After setting up this false dichotomy—you are either for all of our current criminal justice policies concerning child porn (no matter how ineffectual or unfair) or you're indifferent to the suffering of child victims, you monster—Goldstein mocks "Grisham's concern for the 60-year-old men," adding:
Because that's definitely the problem with our prisons: they are overrun with middle-aged white dudes, serving time for insignificant non-crimes. Not black men who were busted with marijuana, no siree.
Why is it a contest? Can't we care about minimizing the U.S. police state in general? Isn't it possible to advocate—as Grisham does—for rolling back mandatory minimums for both aging white dudes who look at teen porn and black teens who get caught with pot?
Grisham has already apologized for his comments, writing on his website that, "Anyone who harms a child for profit or pleasure, or who in any way participates in child pornography—online or otherwise—should be punished to the fullest extent of the law." The man has a new book to promote, so his backtracking is understandable. But his original sentiments shouldn't require an apology.
According to a 2012 report from the U.S. Sentencing Commission, the average prison sentence for possession of child porn was 95 months in 2010, up from 54 months in 2004. As Reason's Jacob Sullum noted here in February, federal law requires a mandatory minimum sentence of five years for "receiving child pornography", which could mean looking at or downloading a single image. With enhanced criminal penalties "based on factors that are extremely common", people who look at sexualized images of minors can be punished more harshly than making and disseminating the images or those who actually molest children. And in 30 states, the age of sexual consent is 16, notes Balko—making it a crime to download sexual images of a 16-year-old but not to physically have sex with them.
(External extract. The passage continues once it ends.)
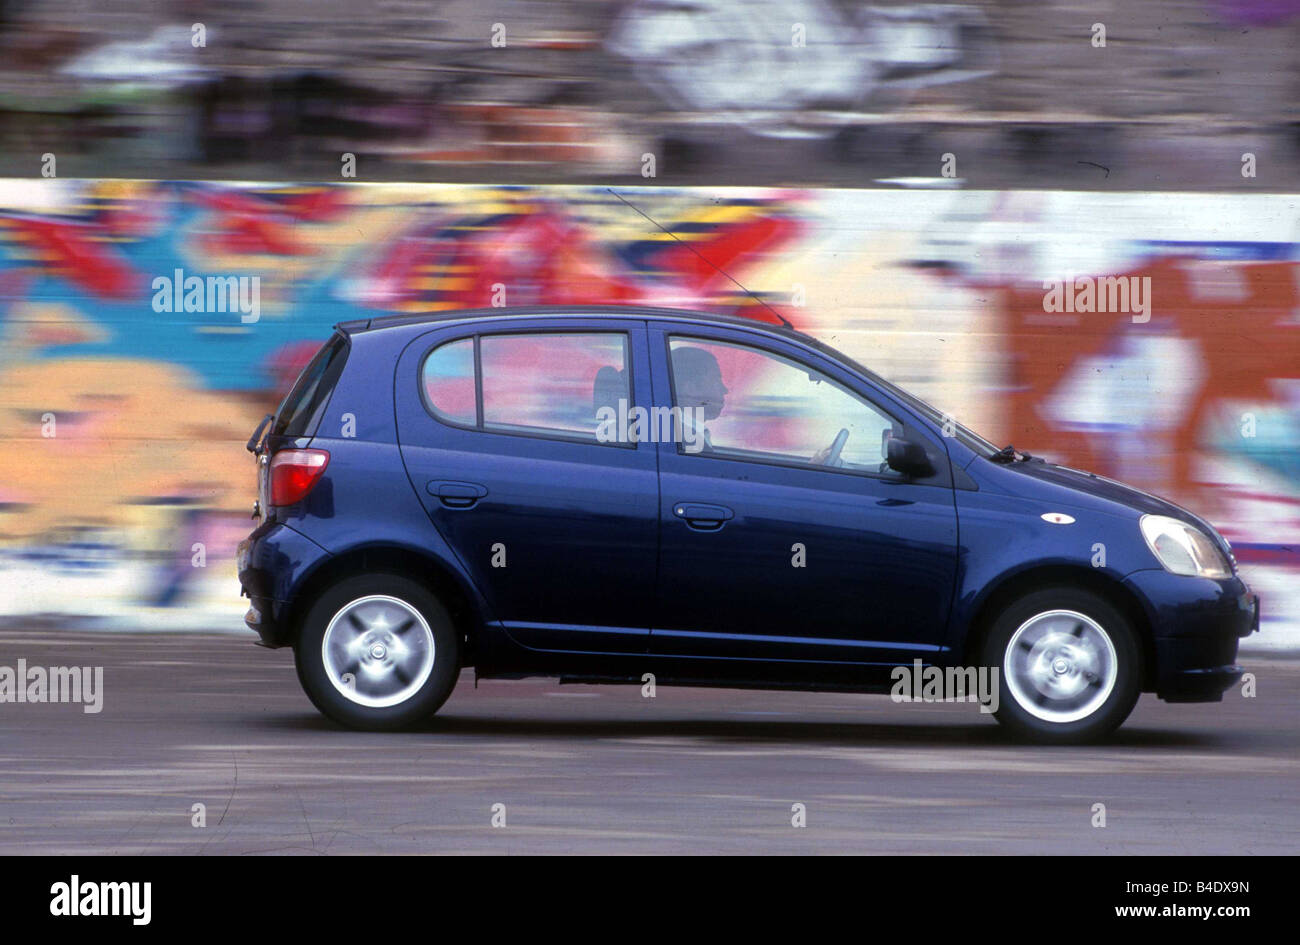 Kelebihan Toyota Yaris 1999 Tangguh

Goldstein scoffs at the idea that viewing child porn online is different than directly sexually abusing children. "If you engage in pedophilia on the internet, you are a real pedophile," she writes.
But there is no way to "engage in pedophilia." It's a mental disorder, defined as "an intense and recurrent sexual interest in prepubescent children". Because U.S. jurisprudence is (theoretically) based on people's actions, not their private thoughts or desires, we have laws against things like sexually abusing children, creating or distributing child pornography, and selling minors into the sex trade, but not against pedophila per se. Pedophilia alone is an illness, not a crime.
Some pedophiles do engage in criminal acts against children, but many don't. Conversely, many of the people who do molest, traffic, or make porn featuring children are not sexually attracted to them. "In fact, research shows, about half of all child molesters are not sexually attracted to their victims," according to law professor Margo Kaplan in The New York Times.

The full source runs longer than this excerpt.